= Cannabis and time perception =

Effect of cannabis on time perception

The effect of cannabis on time perception has been studied with inconclusive results. Studies consistently show that most cannabis users self-report the experience of a slowed perception of time. In the laboratory, researchers have confirmed the effect of cannabis on the perception of time in both humans and animals. Studies have sought to explain how cannabis changes the internal clock. Matthew et al. (1998) looked at the cerebellum, positing a relationship between cerebellar blood flow and the distortion of time perception.

==Psychoactive effects==
Reports of the effects of cannabis on time perception can be found first in arts and literature, and then in medical reports and studies. Notable discussions of the effects occur in "Le Club des Hachichin" (1846), a work by French poet Théophile Gautier, and in Les Paradis Artificiels (1860), a work by Charles Baudelaire.
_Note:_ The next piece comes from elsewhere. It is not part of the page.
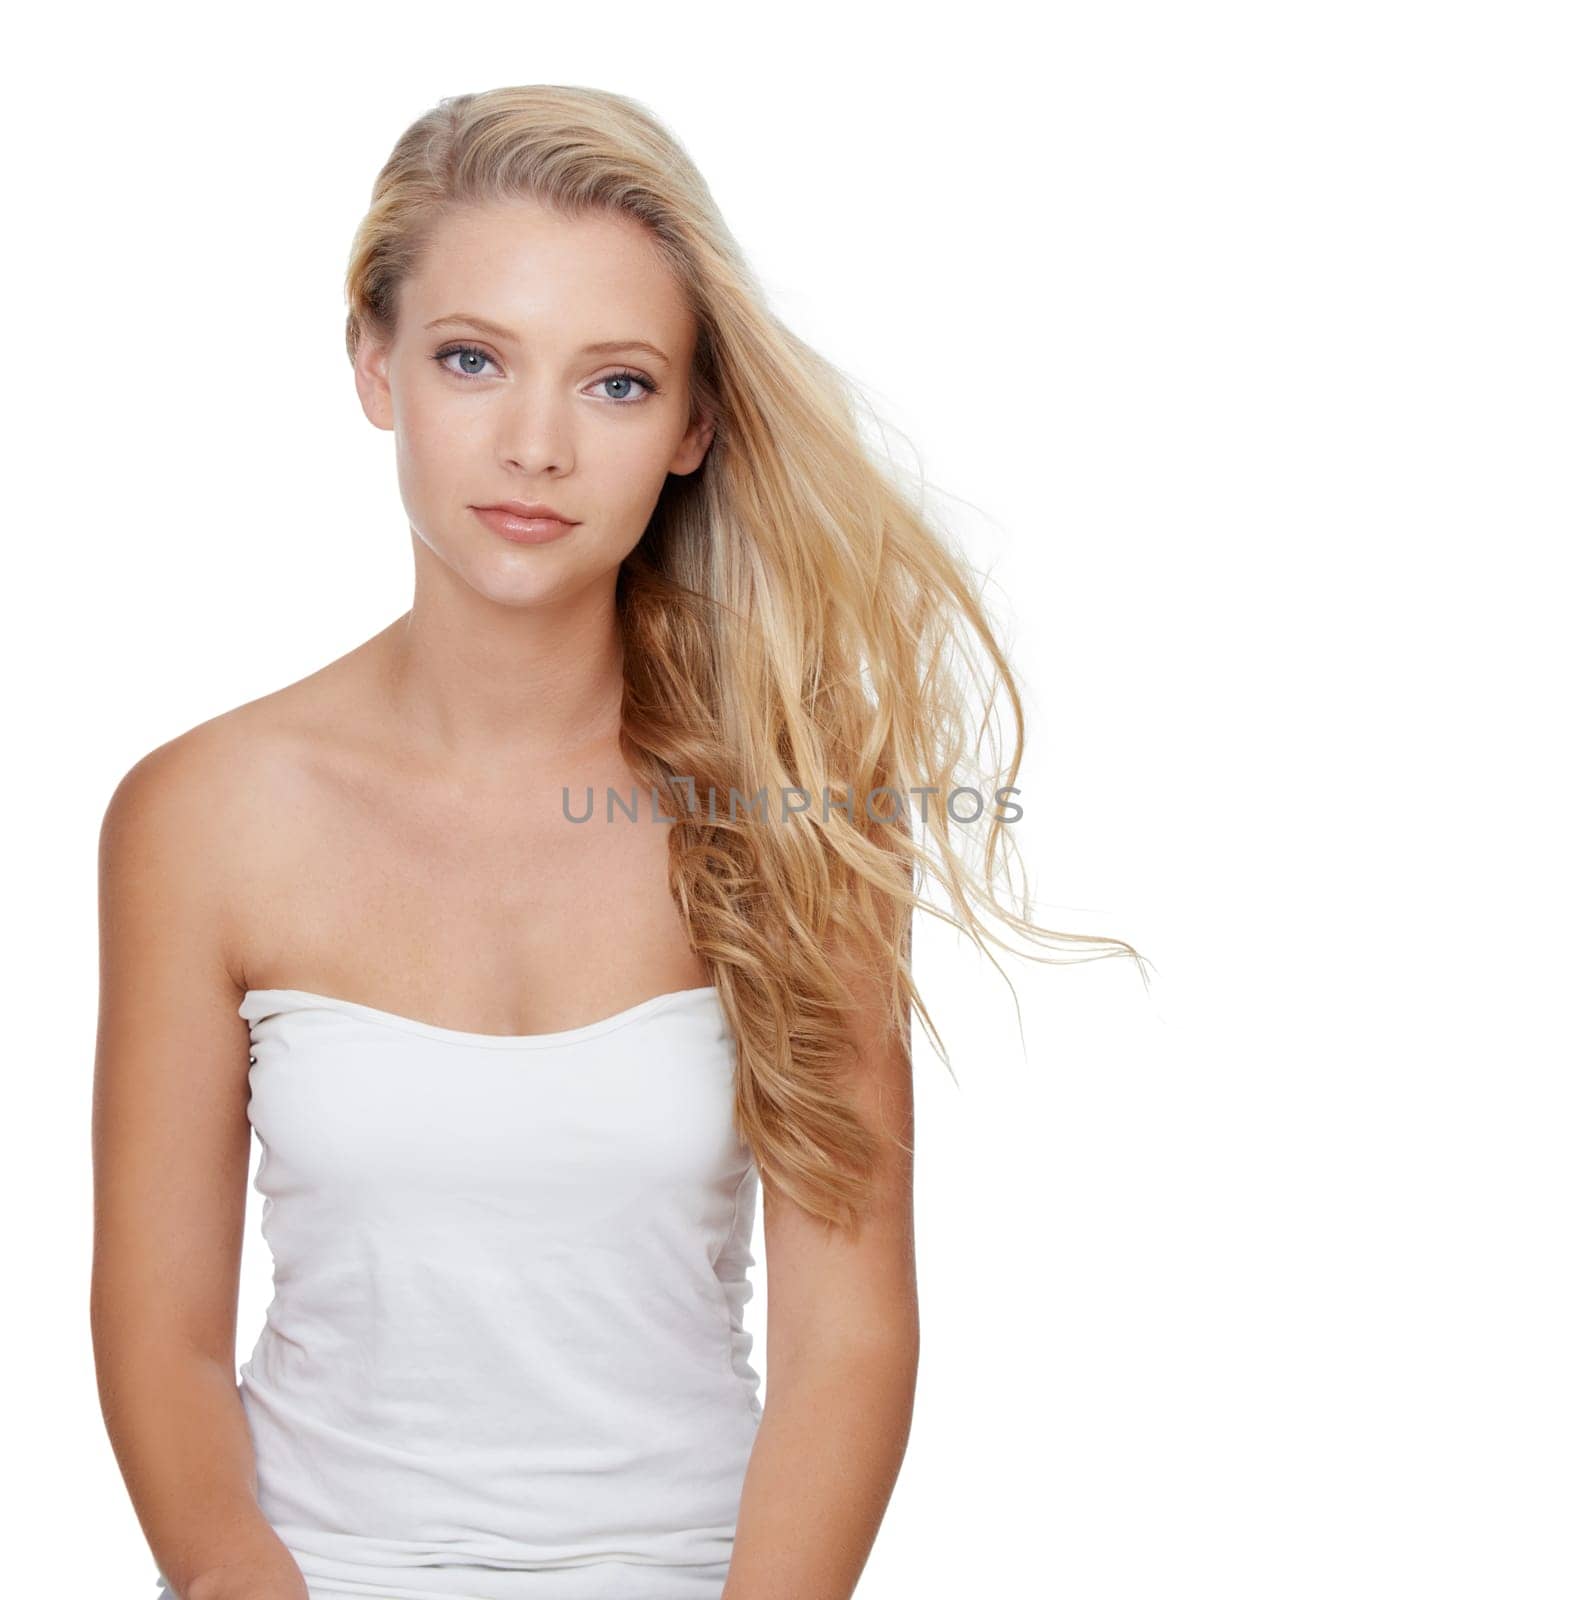 Woman, mockup and hair care with cosmetics in studio for beauty, keratin treatment and shampoo shine. Model, person and confidence with skincare, collagen texture and hairstyle on white background.

French physician Jacques-Joseph Moreau studied the effects of cannabis with the help of Gautier and other artists who experimented with hashish in the Club des Hashischins. Moreau published his findings in Hashish and Mental Illness: Psychological Studies (1846), noting that hashish caused "errors of time and space" and "time dragging".

Later, in 1958, South African physician Frances Ames studied the effects of cannabis extract, noting the "disordered time perception" experienced by her subjects where "brief periods seemed immensely long". American poet Allen Ginsberg's "First Manifesto to End the Bringdown" (1966) noted that "the vast majority all over the world who have smoked the several breaths necessary to feel the effect, adjust to the strangely familiar sensation of Time slow-down." American physician Jerome Groopman of Harvard Medical School, reported that the "perception of time is altered, generally with perceived time faster than clock time" in people who have ingested cannabis. Multiple review studies have confirmed these reports.

==In music==
Most notably, cannabis has had a long association among musicians and the music industry. Musicians and audiences who use cannabis often report the primary subjective effects as a distortion of time perception, which acts to augment both musical performance and music appreciation. Contrary to the effects produced by stimulant use, cannabis use is reported to give the performer or listener a subjective perception of time expansion, resulting in the overestimation of the passage of time. Dosage and method of ingestion may lessen or accentuate this effect. This subjective effect of time expansion is responsible for most of the anecdotal accounts in the literature. The effects of cannabis on musicians and those who listen to music are the subject of research in social pharmacology and music therapy.